I am sorry that you got those two crappy "comments", what the heck, how very very....

anywho, I myself do enjoy the appocolypse book & movie. I do realize I wouldn't make it, I don't have the might. For awhile, when younger, I wanted skills that would be needed for rebuilding society.

The book "Lucifer's Hammer" is about asteriod hits earth. One part said, when the Hammer hit, women's lib went out the window . Another part had people going to a refuge camp/fort...and they were asked what skills they had. And if they didn't, they were told to move along.

:-jon
http://www.imperium.org/better/

Pravritti said...

Another appeal of post apocalypse fiction is the escape with immediacy. The world is over and you are either trying to be one of the survivors. "Panic in Year Zero!" or "War of the Worlds" or "Day of the Triffids." These might be put in the same category as disaster stories. Everything going on your life gets reduced to immediate survival. The social consequences, What ideals can you take with you? That grows out of the survival part. When you flee your home from the volcano what do you take with you?

Action/adventure

So it is a question of how big a scale is the end of the world, or just your part of it? The emotional appeal is the same.

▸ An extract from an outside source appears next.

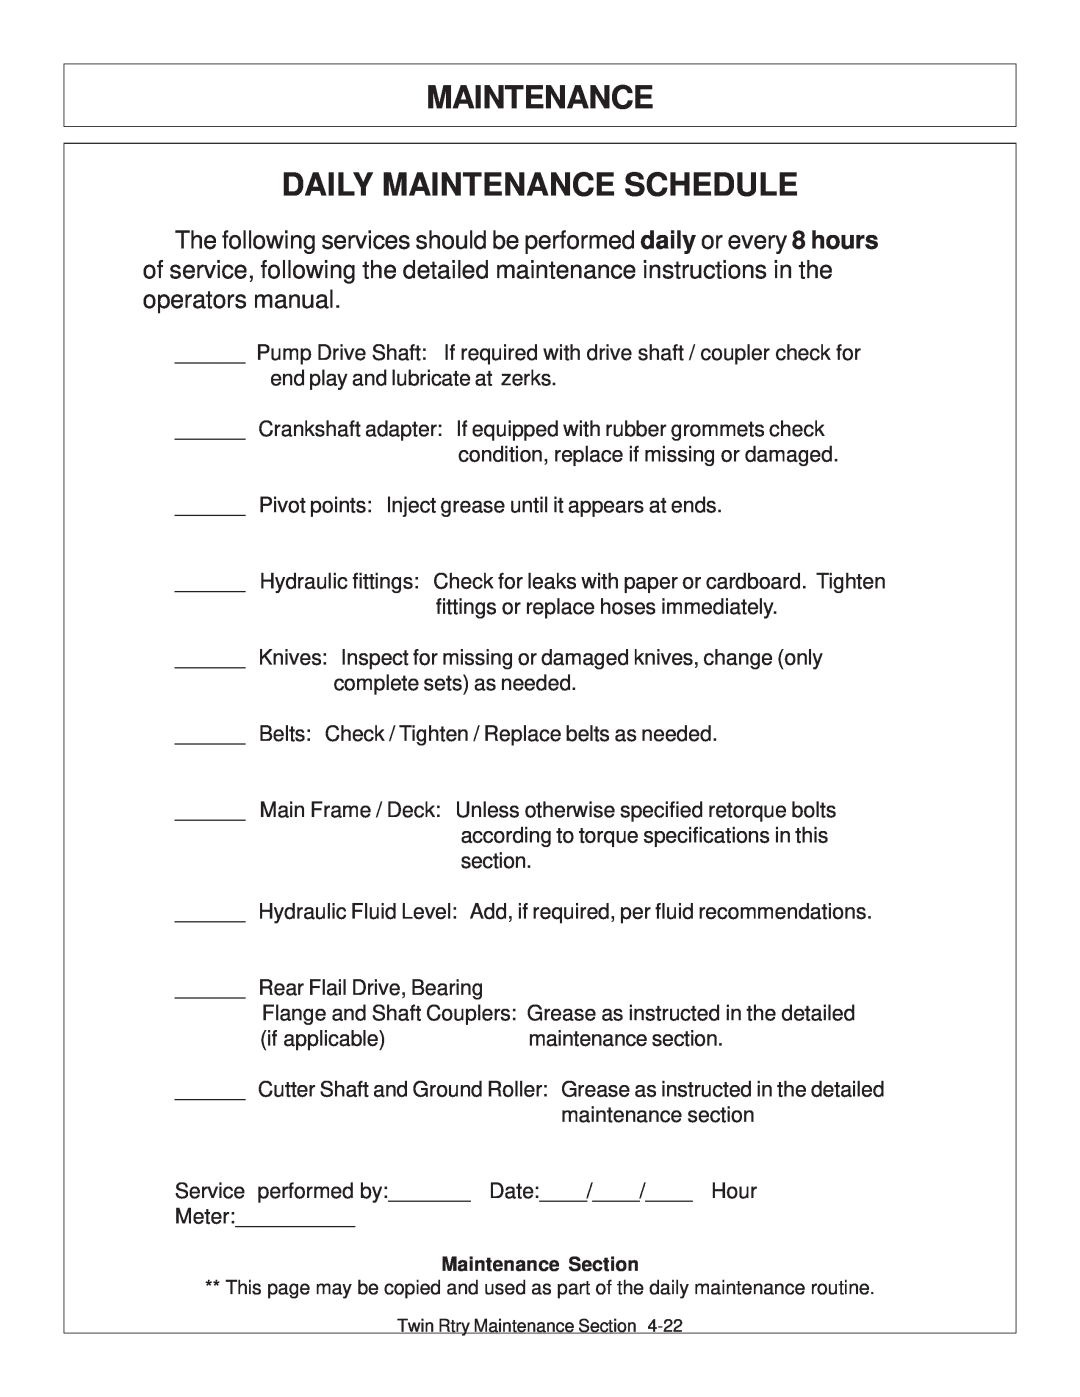 Tiger Products Co., Ltd 6020009 manual Maintenance Daily Maintenance Schedule, Maintenance Section 
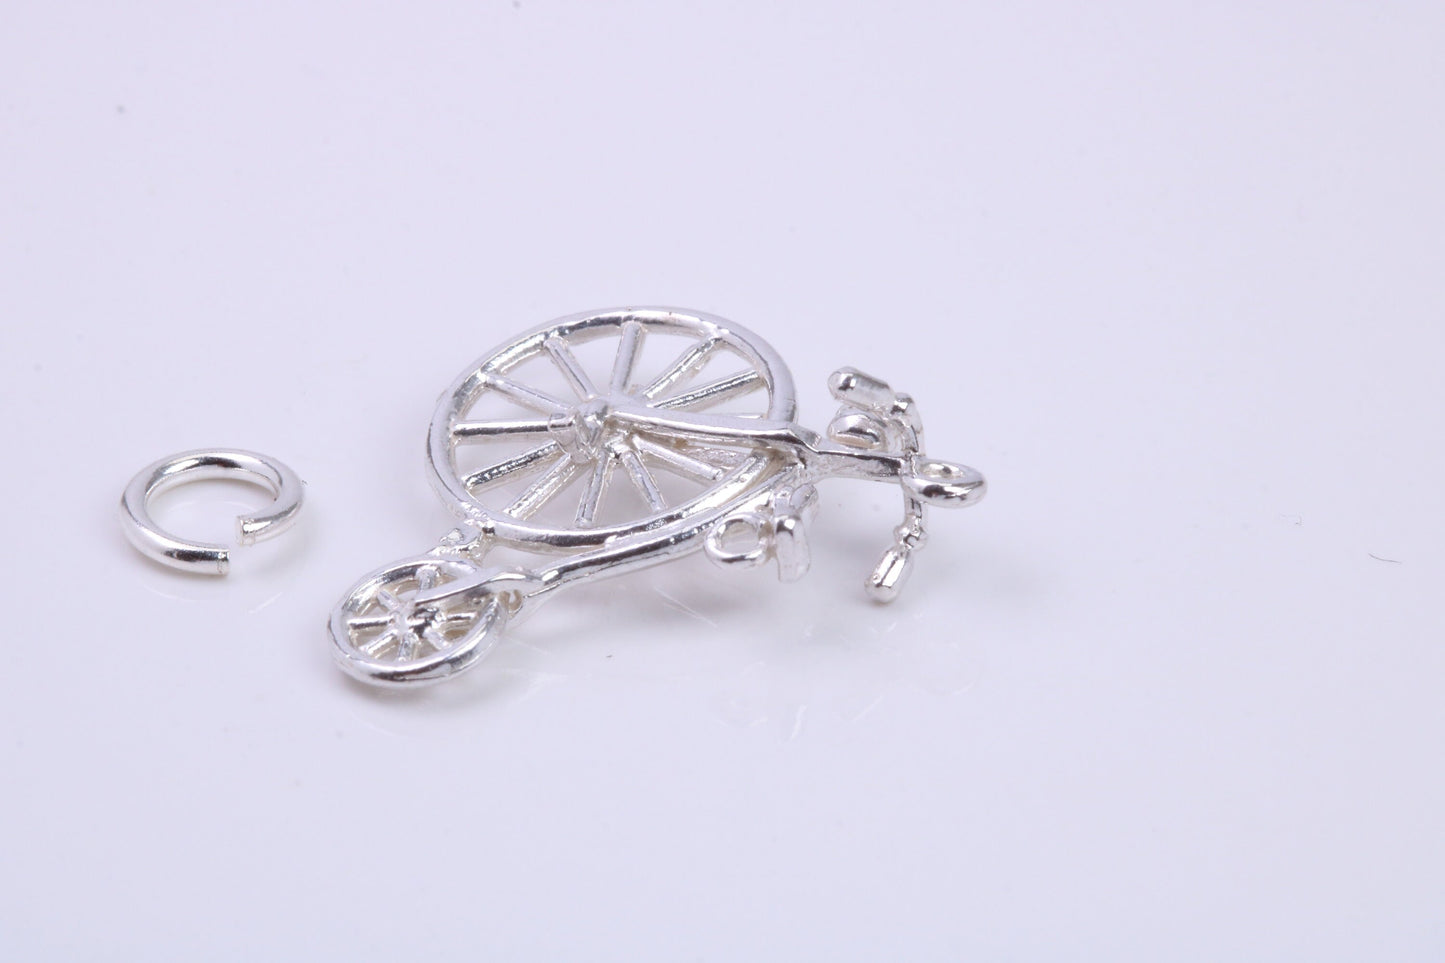 Penny Farthing Charm, Traditional Charm, Made from Solid 925 Grade Sterling Silver, Complete with Attachment Link

"Farnham's Freehold" with the leap through time has the tension of, what makes us civilized? The question arises with survival, and the values (familial, social, political) emerge from the circumstances.

Survival as a measure of character, and ego appeal, with more drama through twists. Other elements are there, but the survival story is the root.

The slow collapse story is under done, such as society heading into and through civil war, maybe the real story "Beirut Fragments: A War Memoir," by Jean Said Makdisi. For this type of reduction, trying to keep one's perspective/awareness, inner identity and values in the face of reality and trauma, "Lolita in Tehran" by Azar Nafisi.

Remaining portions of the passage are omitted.